Высказав сомнения в способности собеседника найти откровения вне художественной формы, он перевел разговор на «Анну Каренину»: «Анна Каренина возбуждает такое восхищение и такое ожесточение, какого я не помню в литературе» (П 1: 258). (Главы 7–20 части пятой вышли в свет в журнале «Русский вестник» в апреле.)
Толстой давно уже просил Страхова перестать хвалить его роман. Что касается своих попыток философствовать, то Толстой понимал, что он выражается неясно, но надеялся, что его собеседник поймет «и дурно выраженное» (П 1: 261). Он сделал еще одну попытку определить тот принцип, который объемлет и живое и неживое, и «я» и «не-я»: «Бог живой и Бог любовь» (П 1: 262, 14 апреля 1876).
Страхов немедленно сел за ответ, но отправил свое «философское письмо» только 8 мая 1876 года (П 1: 271). Он вновь предпринял попытку поставить неясные мысли Толстого в контекст профессиональной философии:
Вы видите в мире Бога живого и чувствуете его любовь. Теперь мне ясна Ваша мысль, и сказать Вам прямо, я чувствую, что ее можно развить логически в такие же строгие формы, какие имеют другие философские системы. Это будет пантеизм, основным понятием которого будет любовь, как у Шопенгауэра воля, как у Гегеля мышление (П 1: 263).
Толстой не ответил. Он вернется к философской переписке только шесть месяцев спустя (П 1: 291, 12–13 ноября 1876). Летом 1876 года Страхов дважды посетил Ясную Поляну, и они продолжали свое философствование с глазу на глаз.
Эпистолярный философский диалог зашел в тупик.
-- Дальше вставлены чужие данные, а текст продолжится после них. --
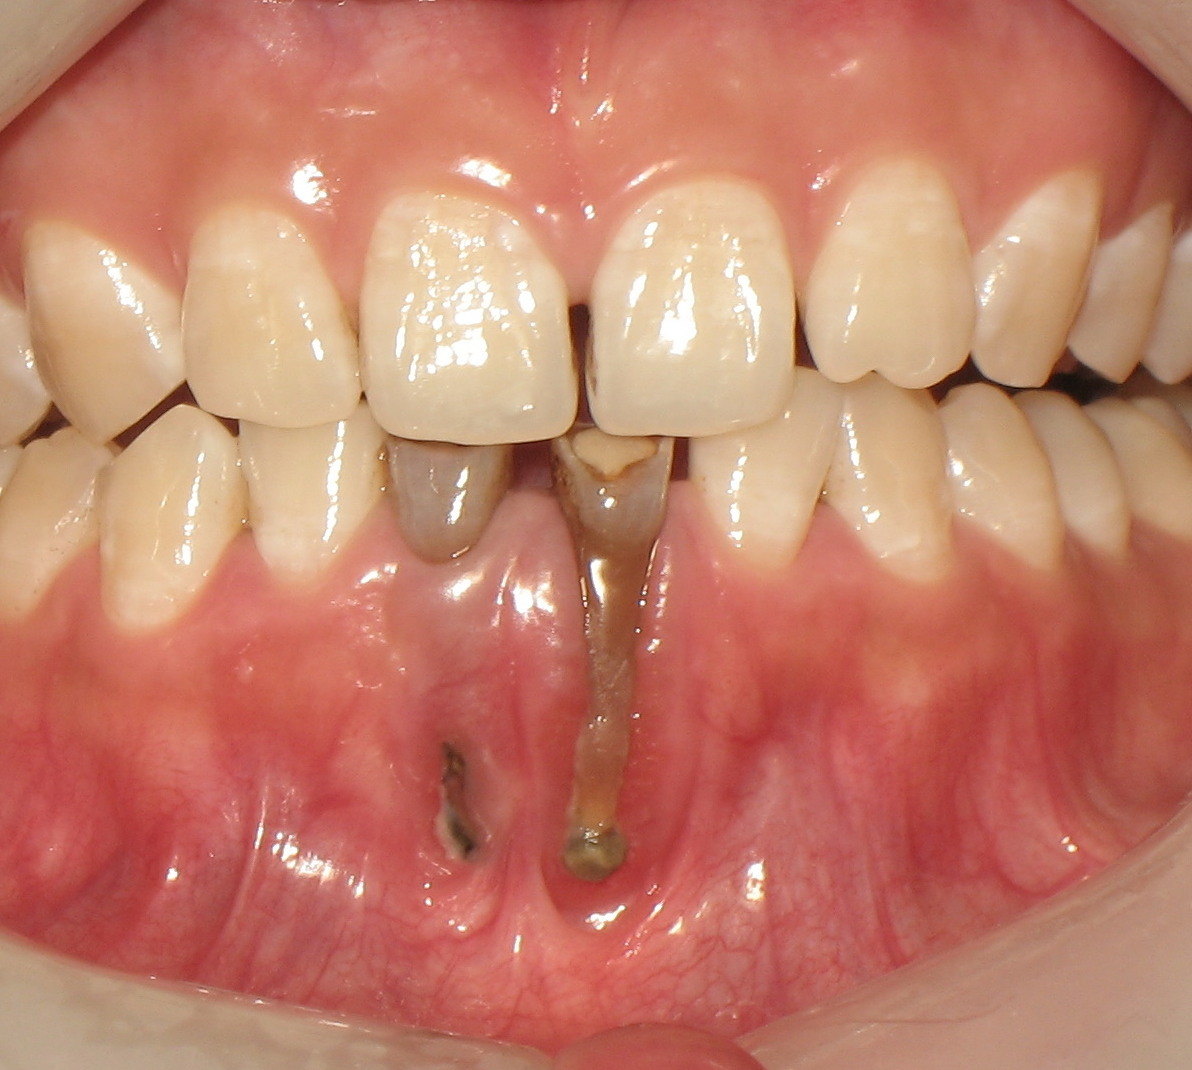 牙龈萎缩与牙槽骨破坏的关系牙周健康的原理1

Другая тема теперь заняла главное место в переписке Толстого и Страхова: «Анна Каренина».
«Чтобы вам, вместо того, чтобы читать Анну Каренину, кончить ее…»
В течение всего года Толстой был раздражен призывами Страхова вернуться к «Анне Карениной». Со своей стороны, он упрекал Страхова в том, что тот продолжал заниматься литературной критикой: «Тут вы платите дань, несмотря на ваш огромный и независимый ум, дань Петербургу и литтературе» (П 1: 244, 1–2 января 1876; курсив Толстого; по-видимому, от французского «littе́rature»). Он просил Страхова показать истинную дружбу: или не хвалить роман, или написать про все, что в нем дурно. В этом контексте Толстой заметил: «Мерзкая наша писательская должность — развращающая» (П 1: 259, 8–9 апреля 1876). Мимоходом он упомянул, что думает оставить роман без завершения (П 1: 259).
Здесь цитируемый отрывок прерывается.